South-Central Section - 45th Annual Meeting (27–29 March 2011)
Paper No. 8
Presentation Time: 5:00 PM
THREE-DIMENSIONAL MODELING OF DIVERSIONS FROM THE LOWER MISSISSIPPI RIVER
PEREIRA, Joao F.1, DAVIS, Mallory A.1, MCCORQUODALE, John A.1, GEORGIOU, Ioannis Y.2, MESELHE, Ehab A.3, ALLISON, Mead A.4 and LOPEZ, John A.5, (1)Civil and Environmental Engineering Department, University of New Orleans, New Orleans, LA 70148, (2)Earth and Environmental Sciences and Pontchartrain Institute for Environmental Sciences, University of New Orleans, 2000 Lakeshore Dr, New Orleans, LA 70148, (3)Department of Civil and Environmental Engineering, University of Louisiana at Lafayette, Lafayette, LA 70504, (4)Institute for Geophysics, Jackson School of Geosciences, University of Texas, Austin, TX 78758, (5)Lake Pontchartrain Basin Foundation, New Orleans, LA 70148, jfaiscar@uno.edu
The presence of man-made levees along the Lower Mississippi River (MR) has significantly reduced the River sediment input to the wetlands. Much of the River’s sediment is now lost to the Gulf of Mexico. Historically, this input maintained a closer balance between the subsidence and deposition rates throughout the delta, when compared to modern rates. In addition, to the construction of levees, the sediment load has been decreased by dams and river revetments along the Upper MR. Freshwater and sediment diversions are possible options to help combat land loss. Numerical modeling of hydrodynamics and sediment transport of the MR is a useful tool to evaluate restoration projects and to improve our understanding of the resulting River response. The emphasis of this study is on the fate of sand in the river and the distributaries.

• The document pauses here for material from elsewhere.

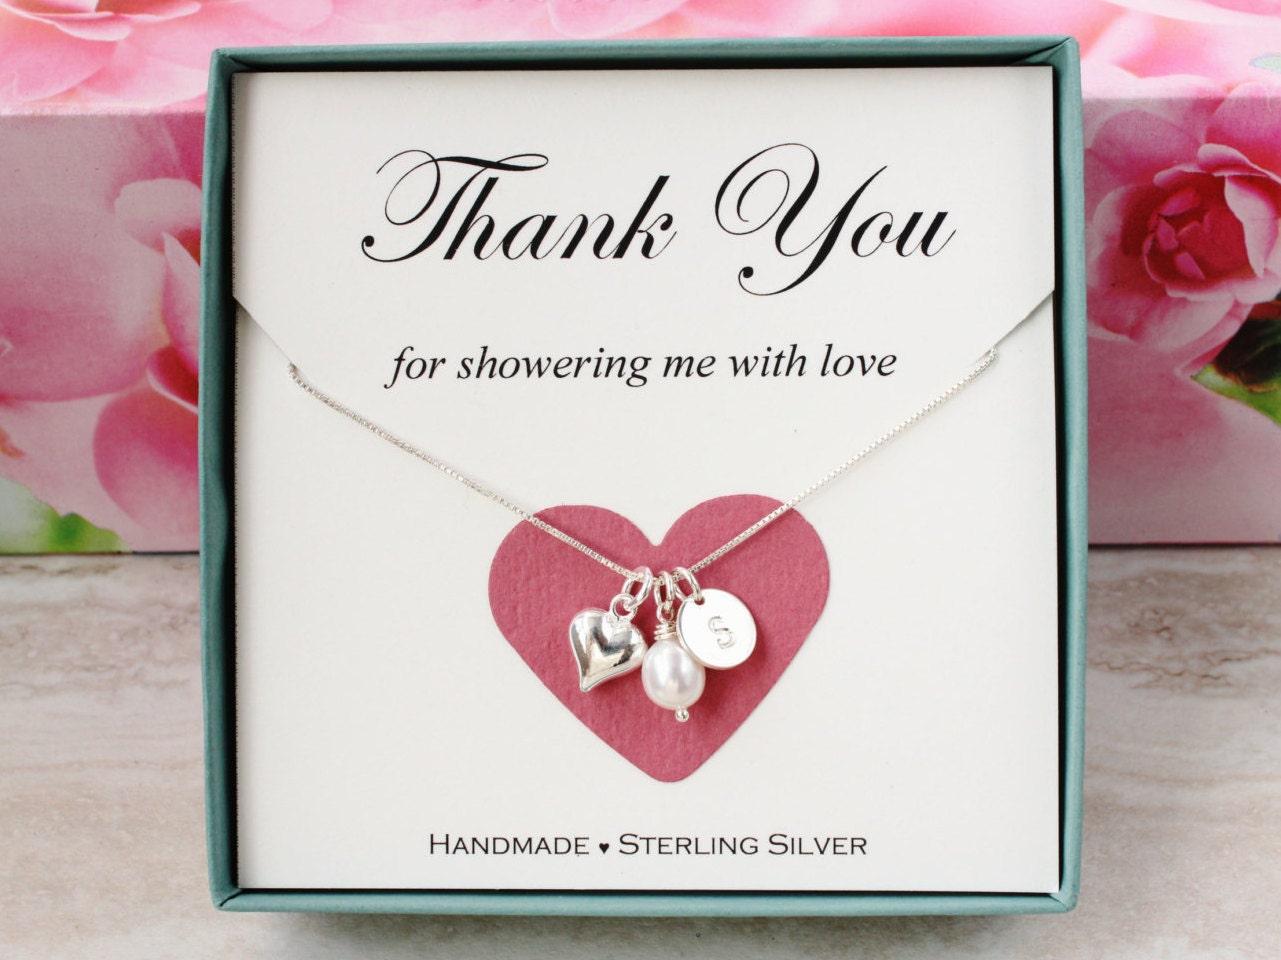 Baby Shower Hostess Gift Ideas Etsy : Bridal shower hostess gift for baby thank you
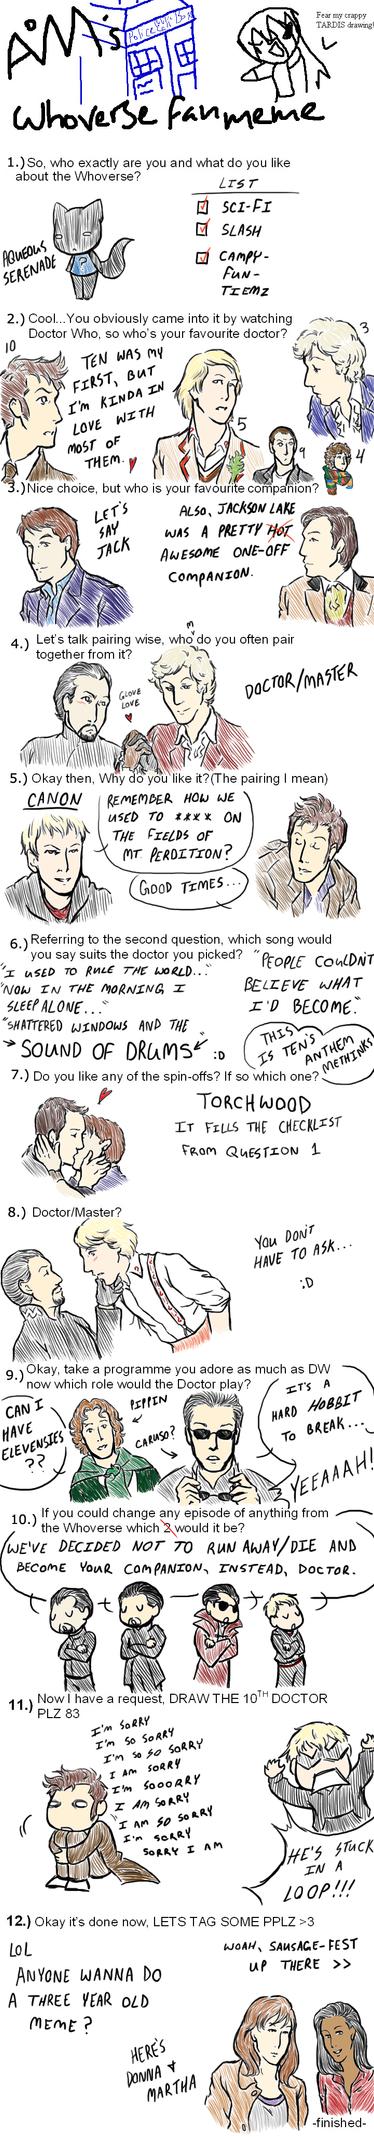 Doctor Who Meme by AqueousSerenade

In 2010, a 1-D HEC-RAS (USACE 2008) unsteady flow hydrodynamics model was developed for the Lower MR from Tarbert Landing (RM 306) to the Gulf of Mexico, including distributaries and existing diversions. The effects resulting from existing and proposed diversions were modeled. A 3-D unsteady flow mobile-bed model (ECOMSED; HydroQual 2002) of the Lower MR reach between Belle Chasse (RM 76) and Main Pass (RM 3) was calibrated using field sediment data from 2008 – 2010 (Allison, 2008;2010). The model was used to simulate River currents, diversion sand capture efficiency, erosional and depositional patterns with and without diversions. The introduction of new diversions at different locations, e.g., Myrtle Grove (RM 59) and Belair (RM 65), with different geometries and with different outflows was studied.
The simulated diversions varied from 1,000 cfs to 200,000 cfs for river flows up to 1.2x106 cfs. The model showed that smaller diversions (less than 30,000 cfs) had little impact on the downstream sand transport. However, the diversion of more than 10% of the river flow had the following effects: 1) reduction in the slope of the hydraulic grade line; 2) reduction in the available energy for transport of sand along distributary channels; 3) reduced sand transport capacity in the main channel downstream of the diversion; 4) increased shoaling downstream of the diversion; and 5) a tendency for erosion and possible head-cutting upstream of the diversion.